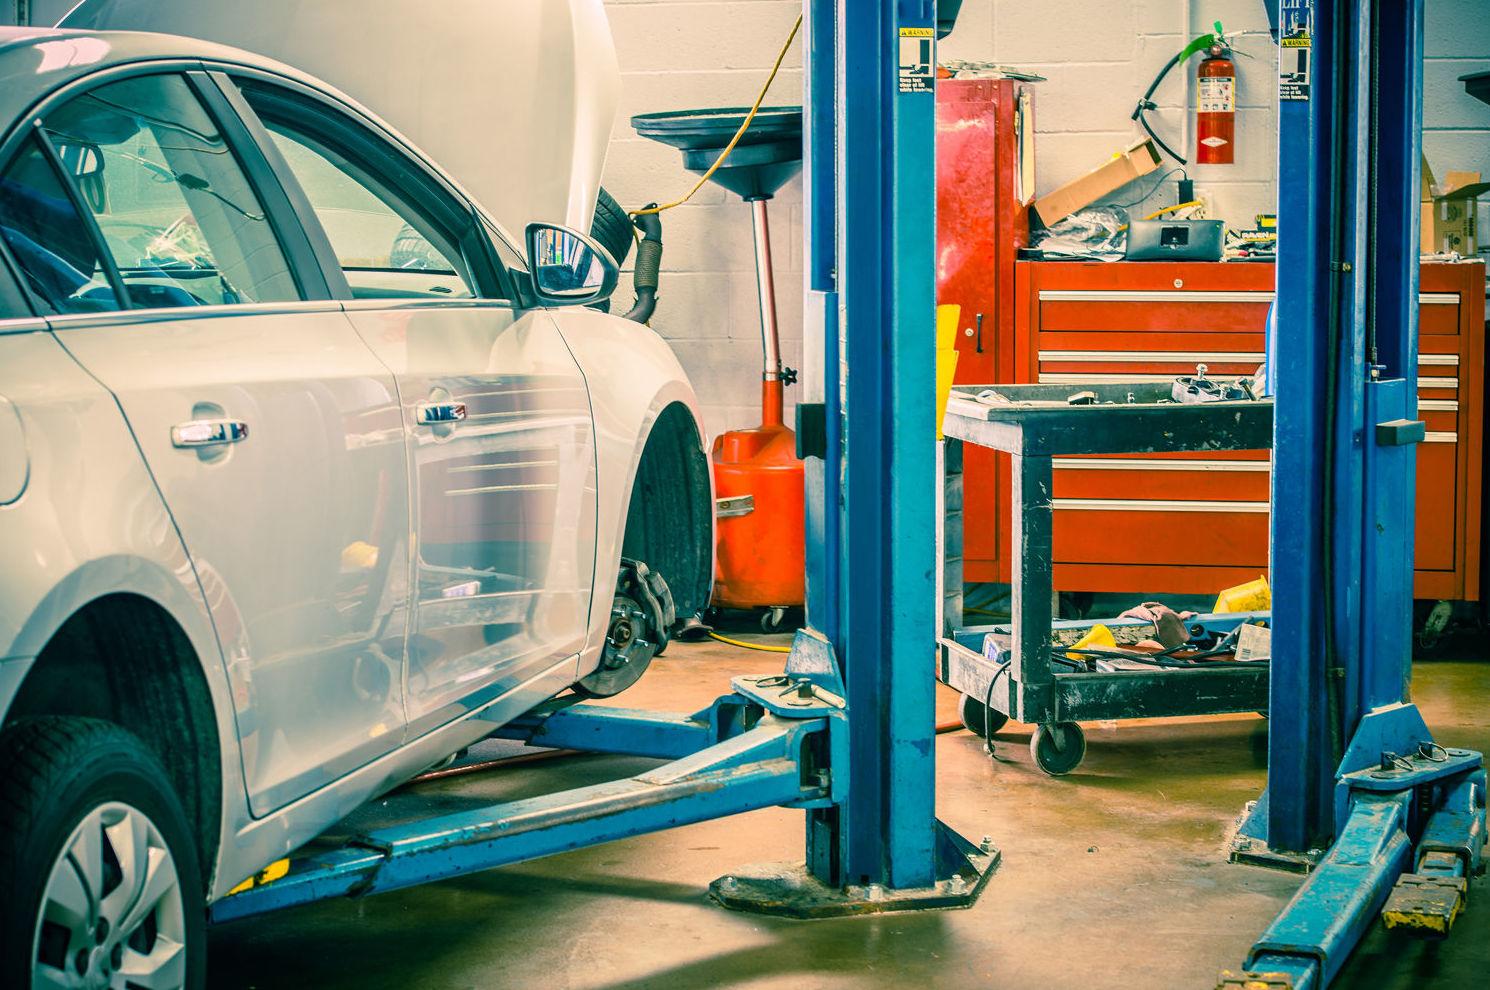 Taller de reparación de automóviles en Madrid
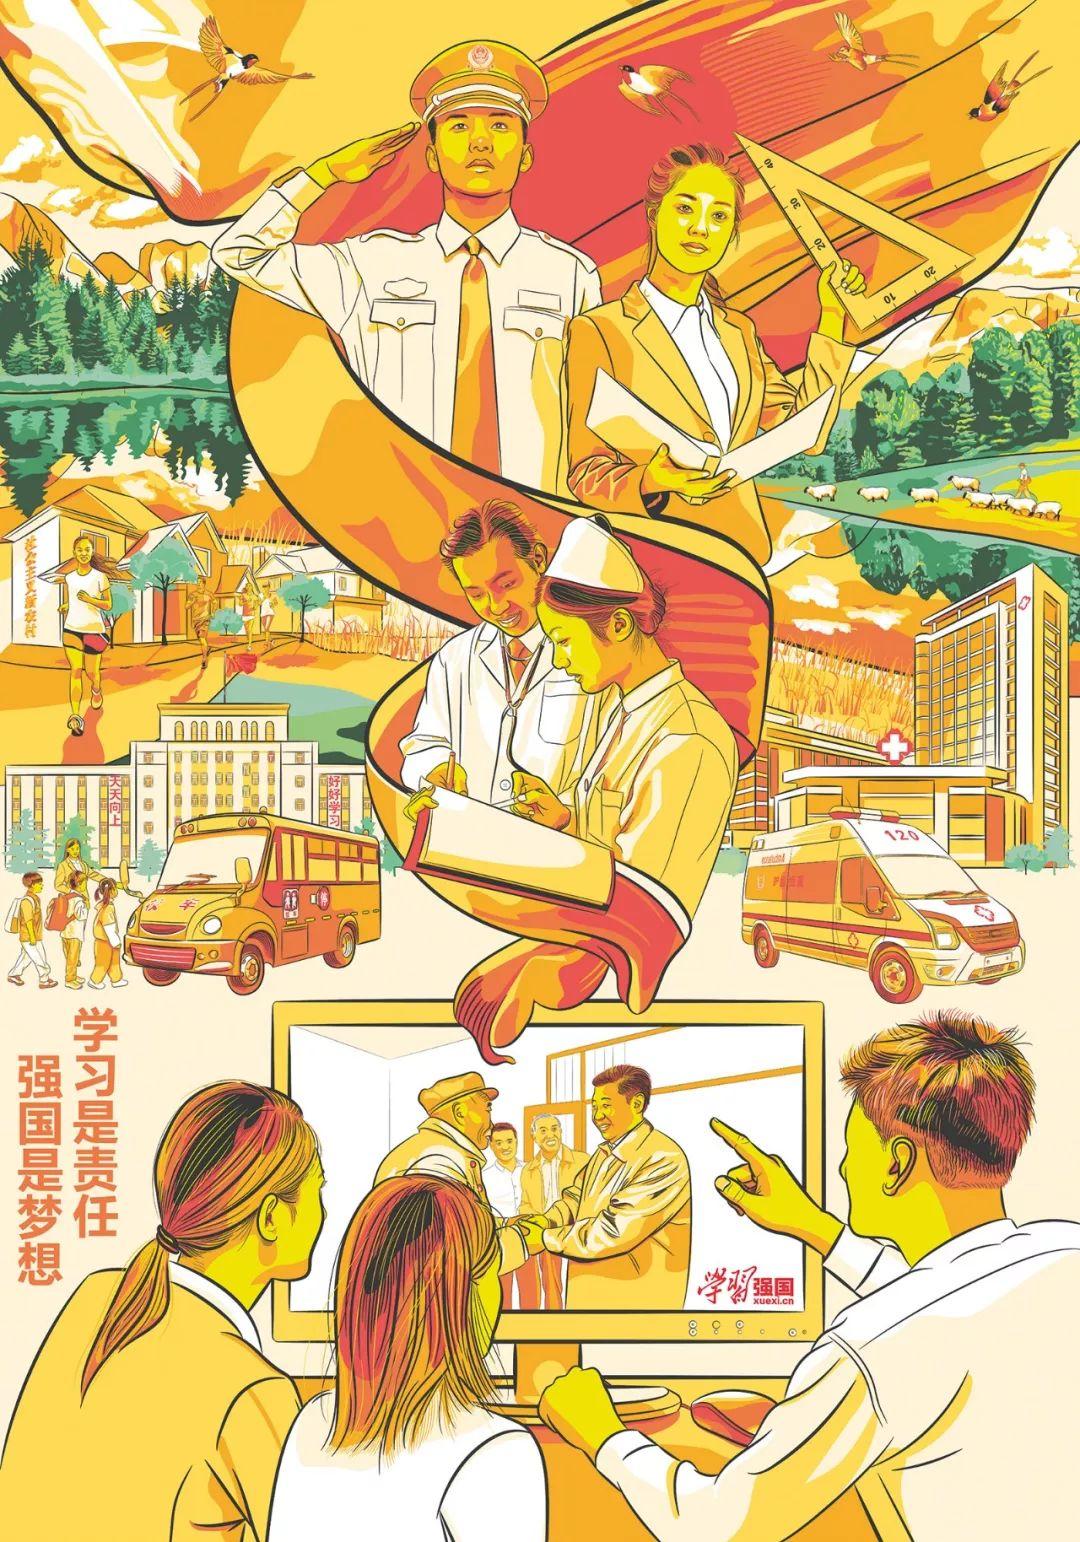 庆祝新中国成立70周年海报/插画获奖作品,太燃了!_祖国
--
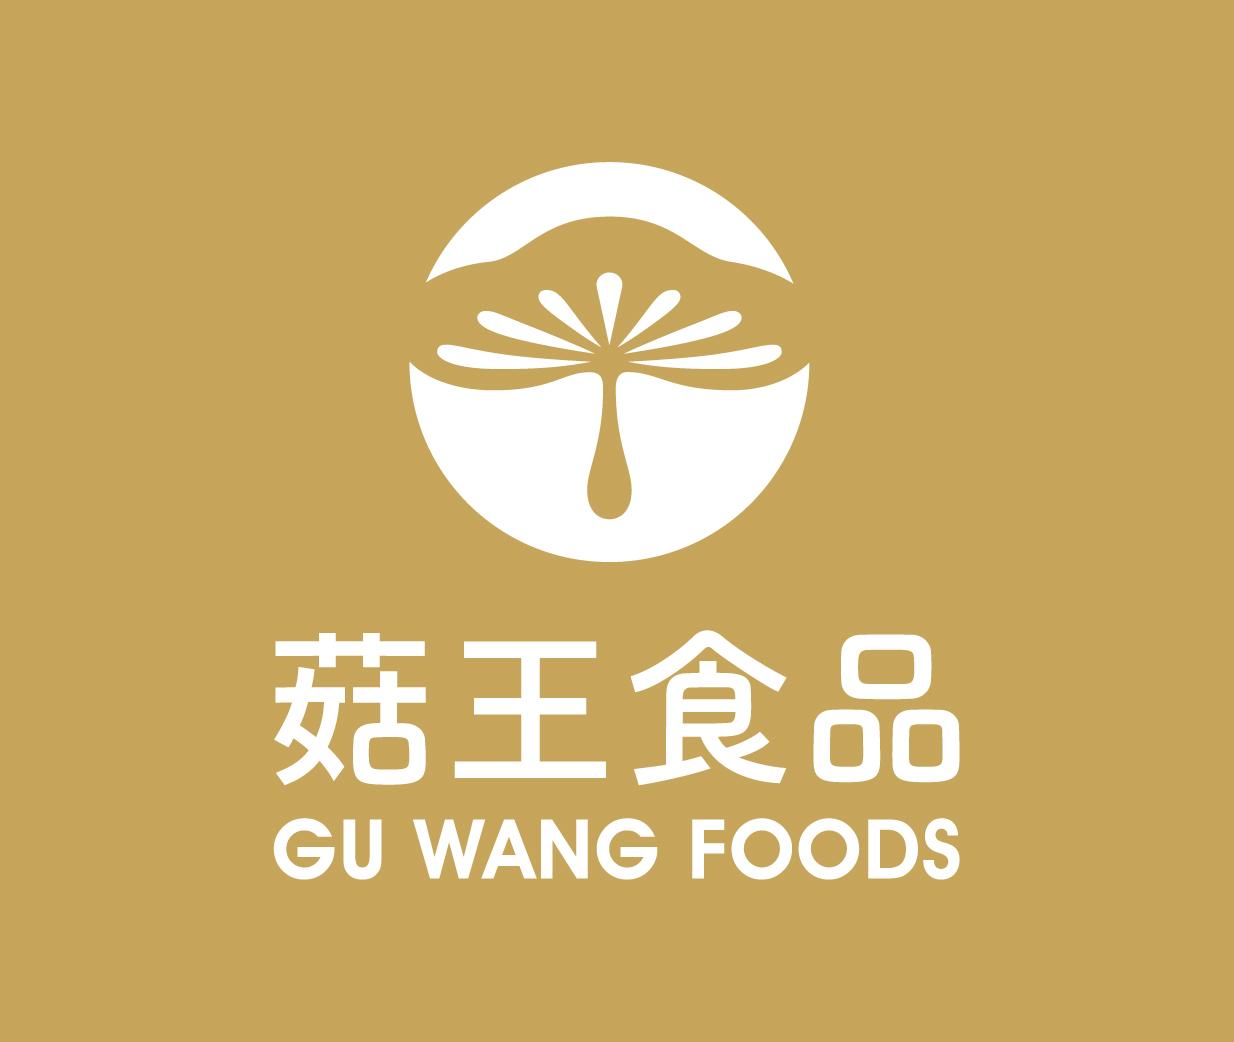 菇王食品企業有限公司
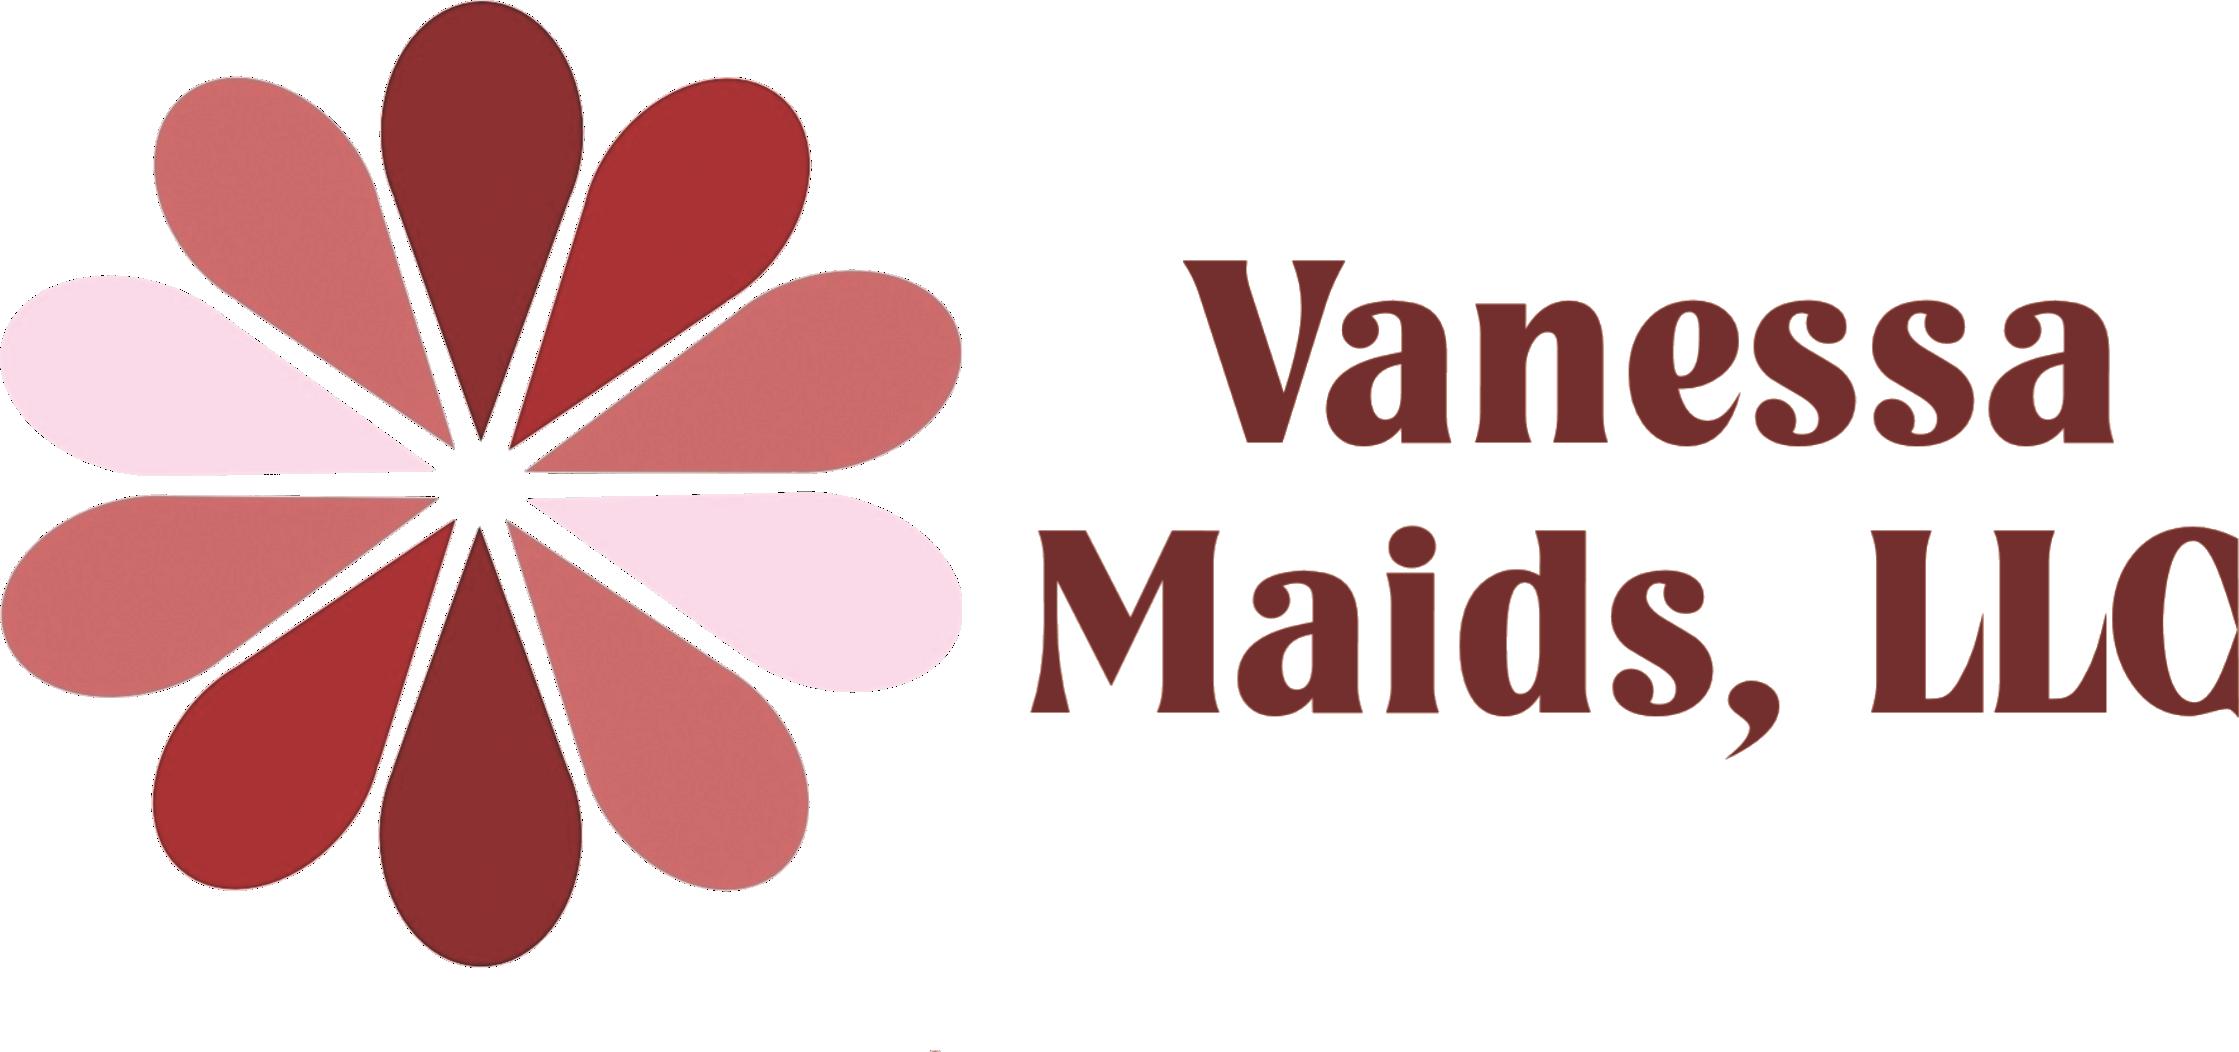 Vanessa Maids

Activity: Out of the records above, set down only the lines from the one that contains "Taller de reparación" through the one that contains "庆祝新中国成立70周年海报/插画获奖作品,太燃了!_祖国", unchanged and without the pictures.

Exercise output:
 Taller de reparación de automóviles en Madrid
 庆祝新中国成立70周年海报/插画获奖作品,太燃了!_祖国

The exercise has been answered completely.